Это были годы террора, и вопрос стоял ясно и однозначно: "кто не с нами, тот против нас" и "если враг не сдается - его уничтожают".
Сейчас, почти через 70 лет, многое встало на свои места, теперь почти понятно, как следовало бы поступать, видна правота или ущербность того или иного... А в то время "врагами" были очень конкретные люди. Каждая неудача, авария имела свою фамилию, имя и отчество. Шла жестокая борьба за власть. Отцу надо было выбирать свой путь актера и человека именно в это страшное время, когда к успеху многие шли по трупам.
По окончании работы над фильмом, накануне праздничной премьеры, был арестован главный оператор картины В. Нильсон. Он вместе с Г. Александровым снимал фильм "Веселые ребята", был другом отца и уважаемым человеком среди работников съемочной группы кинокомедии "Цирк".
Отец не мог поверить, что он "враг народа", не присоединился к осуждающим голосам.
Страх ареста был так велик, что некоторые оставшиеся в живых современники, не хотят говорить об этом событии до сих пор.
Председателем кинокомитета тогда был Б. Шумяцкий, который на просмотре материала фильма предложил Г. Александрову некоторые доработки. Отец вспоминает: "Шумяцкий сказал: "Гриша, ты сделал хороший фильм, я даю тебе месяц - и у тебя будет шедевр"".
После этого В. Нильсон при помощи мягкого объектива переснял на "заднике" все крупные планы Орловой. Отцу было тогда 24 года, а Любови Петровне - на десять лет больше.
Вообще нравы того времени были несколько странными.

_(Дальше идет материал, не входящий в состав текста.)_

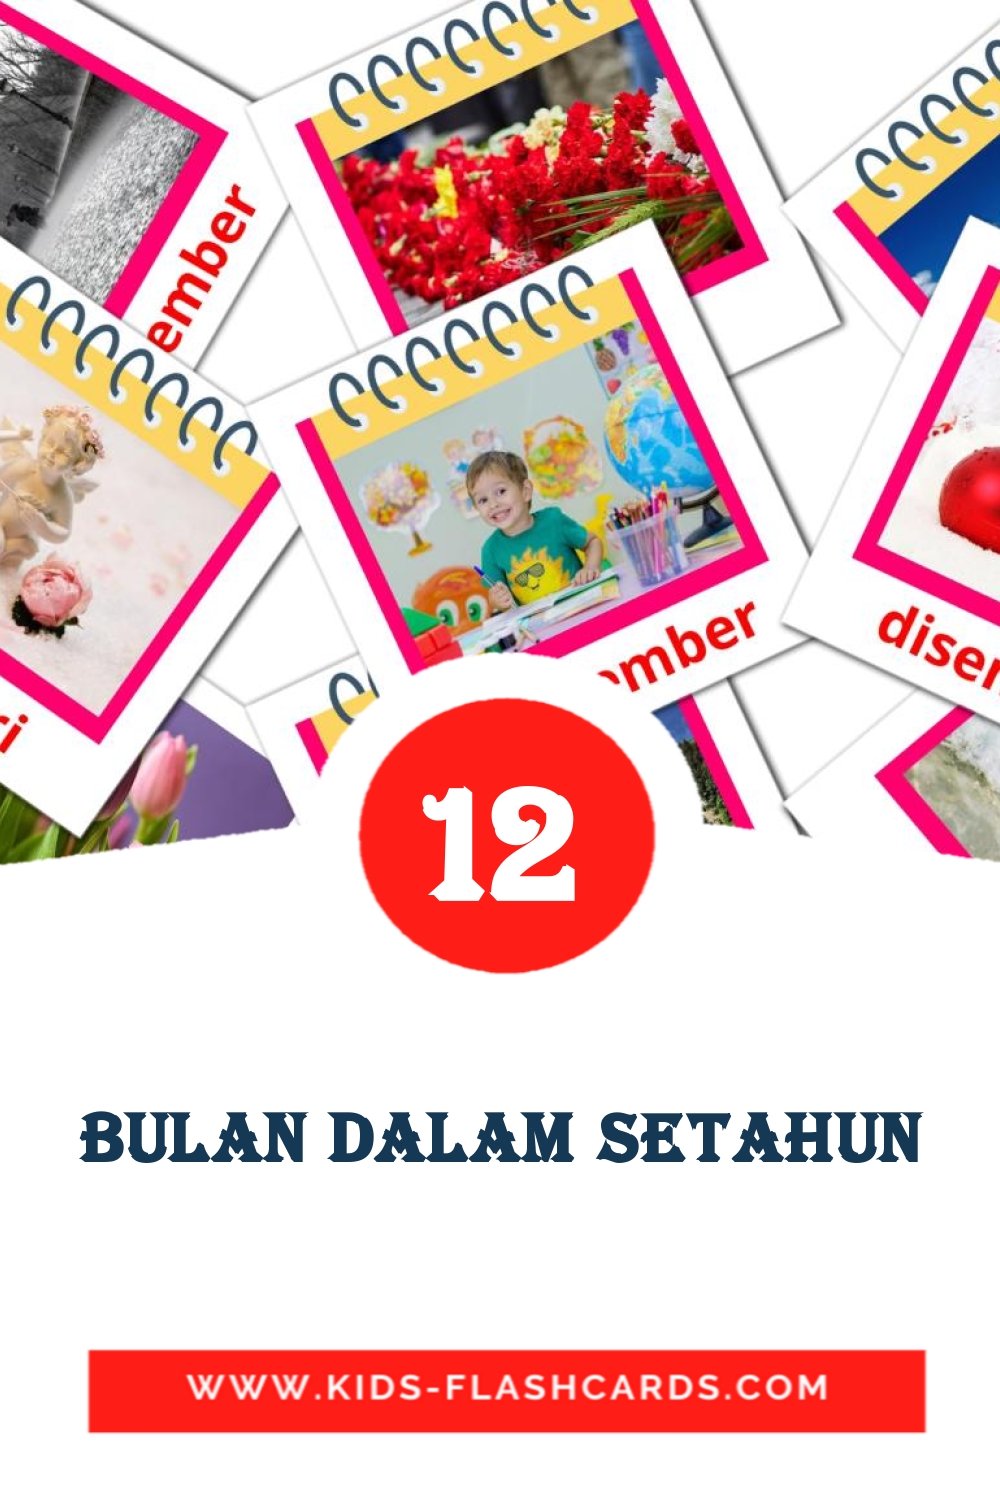 Bulan Dalam Setahun на малайском для Детского Сада (12 карточек)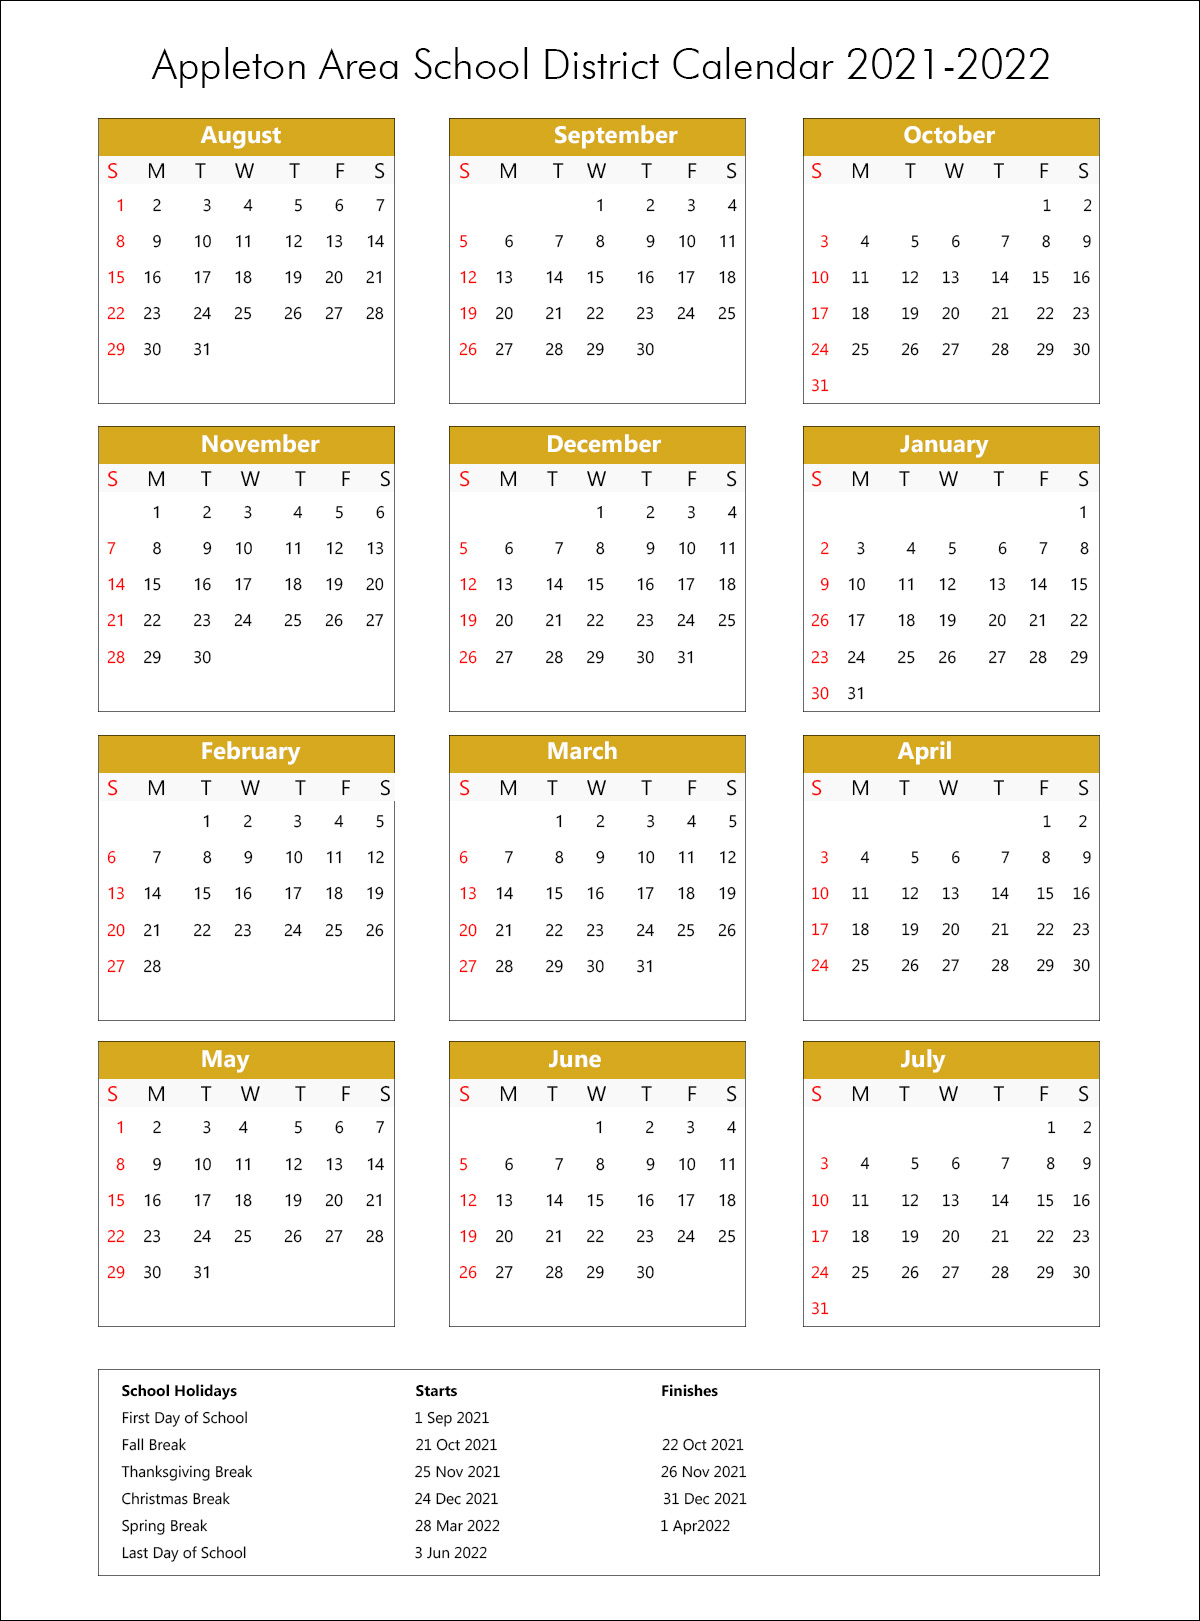 Appleton Area School District Calendar 2021

Всем известно, что сценарий фильма "Цирк" написан по пьесе "Под куполом цирка" Ильфа и Петрова. Однажды на просмотре рабочего материала авторы стали категорически возражать против изменения текста в одном из эпизодов. В ходе дискуссии даже предъявили ультиматум: если сцена не будет выполнена по сценарию, они в знак протеста снимут свои фамилии с титров фильма. Б. Шумяцкий посоветовал Г. Александрову оформить этот конфликт документально и предложить Ильфу и Петрову подписать соответствующую бумагу. Что и было сделано. И хотя пьеса "Под куполом цирка" с огромным успехом шла в Москве, печаталась как отдельным изданием, так и в собрании сочинений Ильфа и Петрова, во всех статьях о фильме "Цирк" в течение полувека автором сценария назывался Г. В. Александров.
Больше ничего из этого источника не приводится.